Personal information
- Full name: William Joseph Daly
- Date of birth: 7 November 1892
- Place of birth: San Remo, Victoria
- Date of death: 26 September 1980 (aged 87)
- Place of death: Parkdale, Victoria
- Original team(s): Beverley/Wonthaggi

Playing career^{1}
- Years: Club / Games (Goals)
- 1913: Melbourne / 02 (1)
- 1915–1919: South Melbourne / 59 (1)
- Total:  / 61 (2)
- ^{1} Playing statistics correct to the end of 1919.

= Bill Daly (footballer) =

Australian rules footballer

William Joseph Daly ( 7 November 1892 – 26 September 1980) was an Australian rules footballer who played with Melbourne and South Melbourne in the Victorian Football League (VFL).

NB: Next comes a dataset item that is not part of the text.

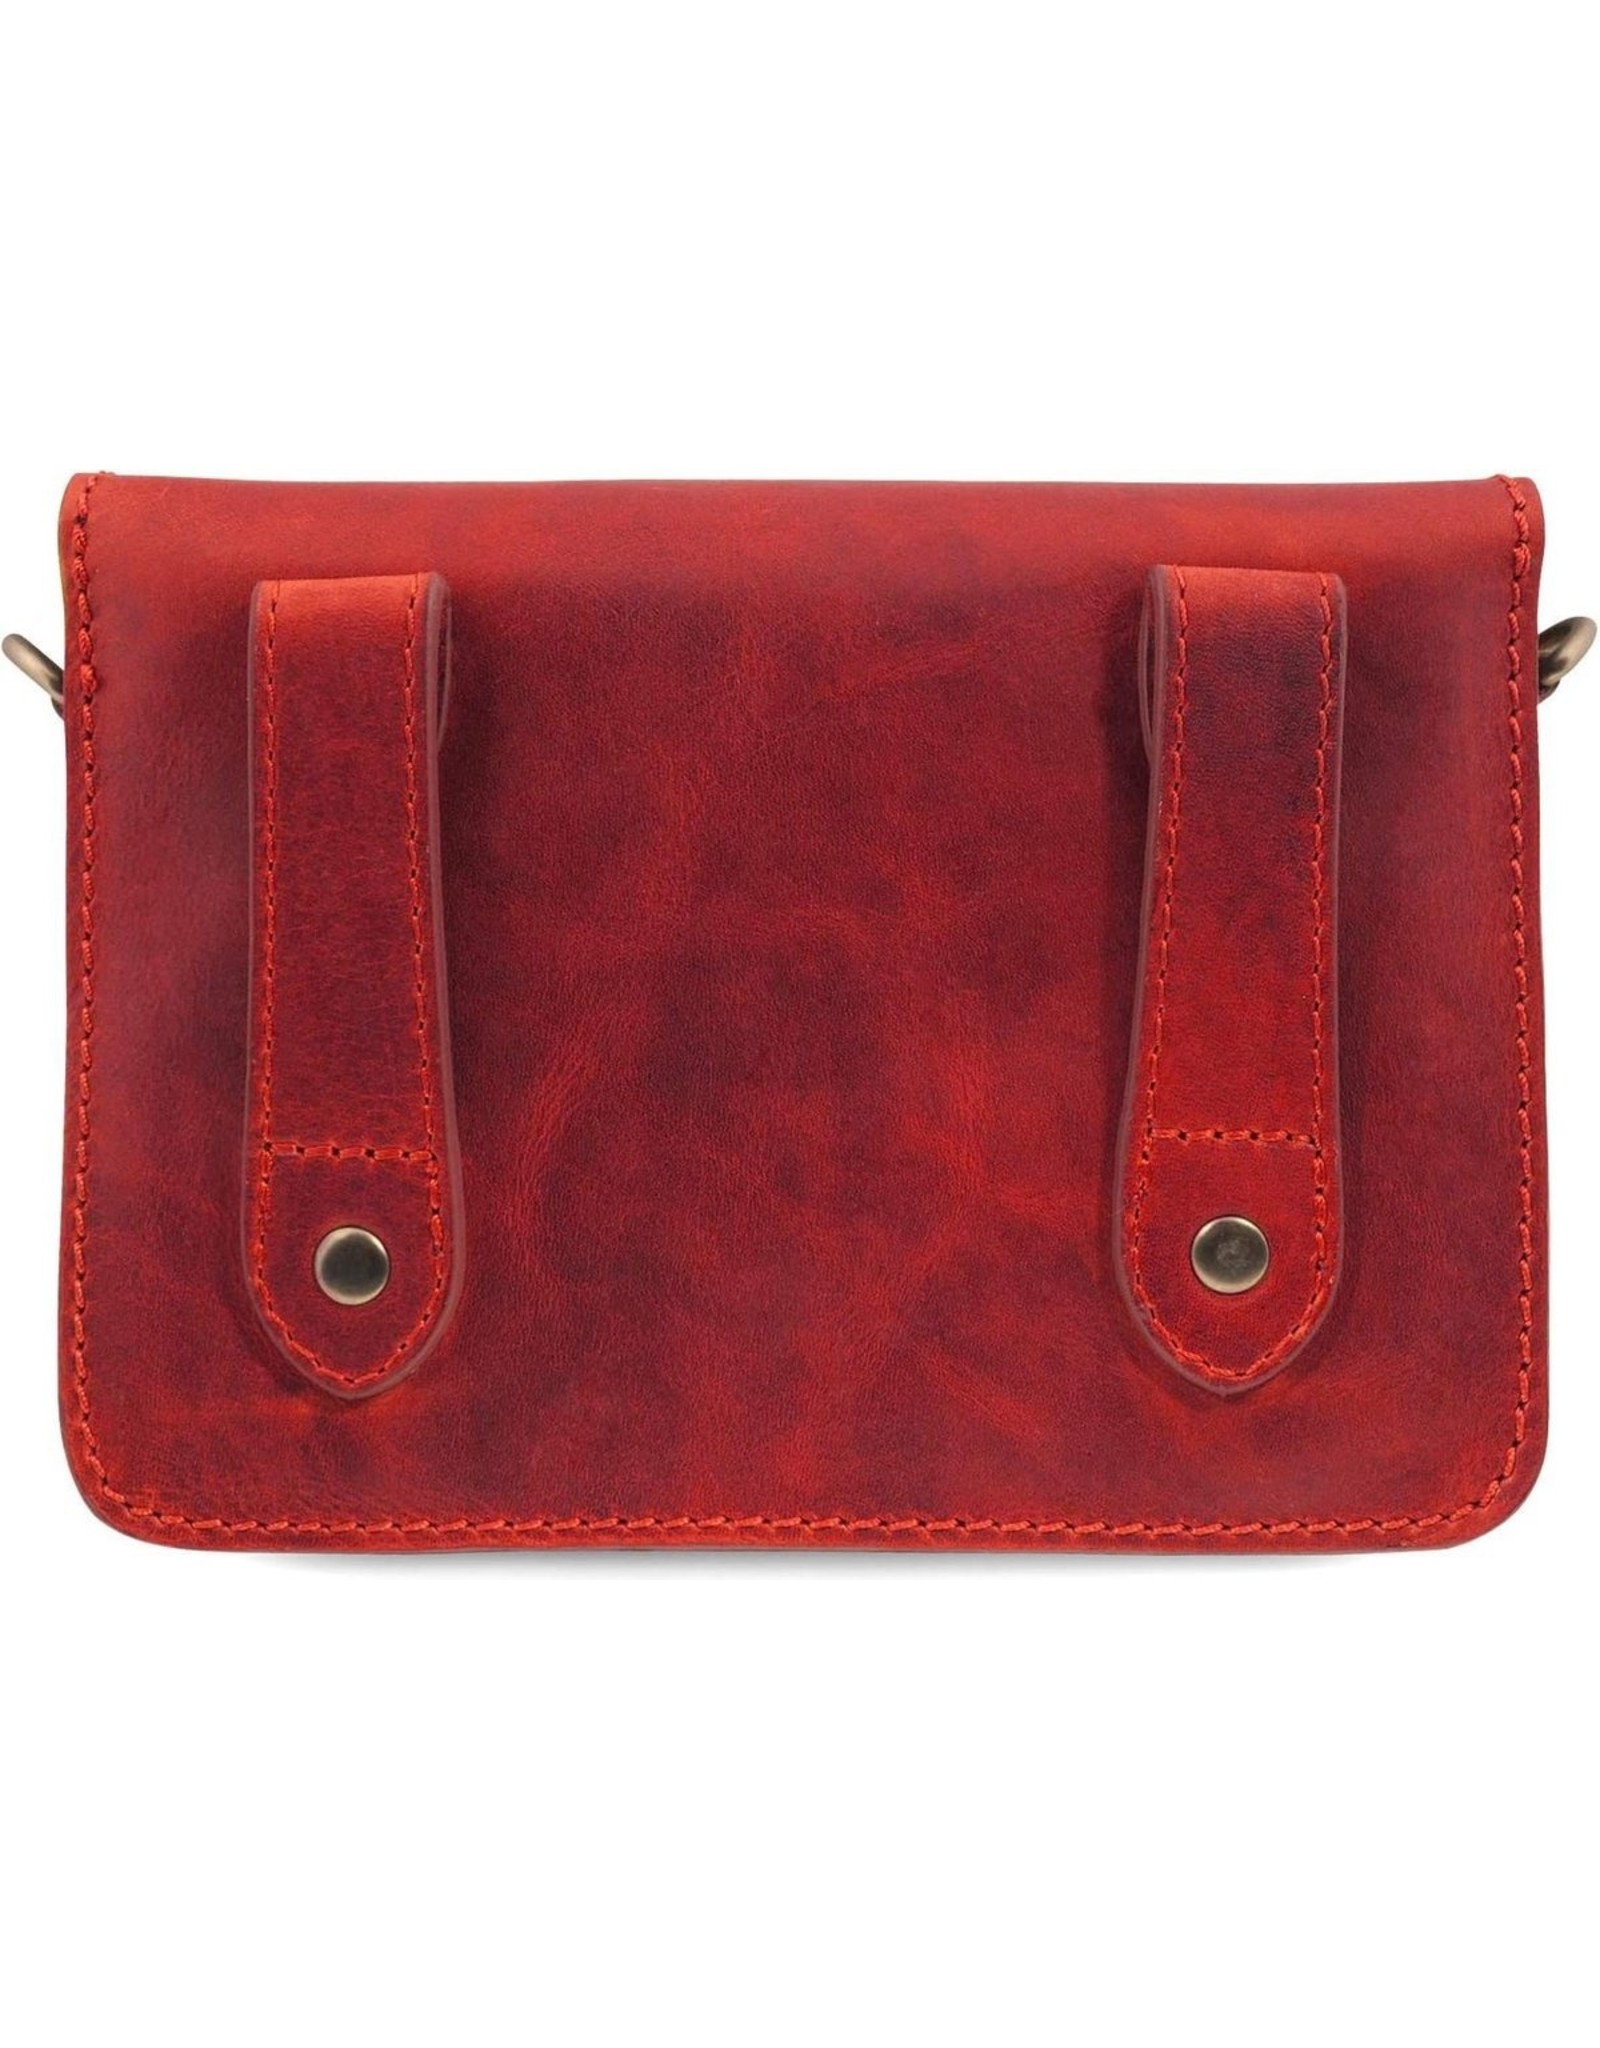 HillBurry Leather bags - HillBurry Leather Shoulder Bag Festival Bag Red

Daly was recruited from Wonthaggi, but came from Beverley originally. He played just two games for Melbourne in the 1913 VFL season and didn't make any more league appearances until 1915, when he joined South Melbourne.

After the club sat out of league football in 1916 due to the war, Daly played all 16 games for South Melbourne in 1917. He again didn't miss a single game in 1918 and was on a half back flank in the 1918 VFL Grand Final winning side.

He subsequently played with Footscray in the Victorian Football Association (VFA).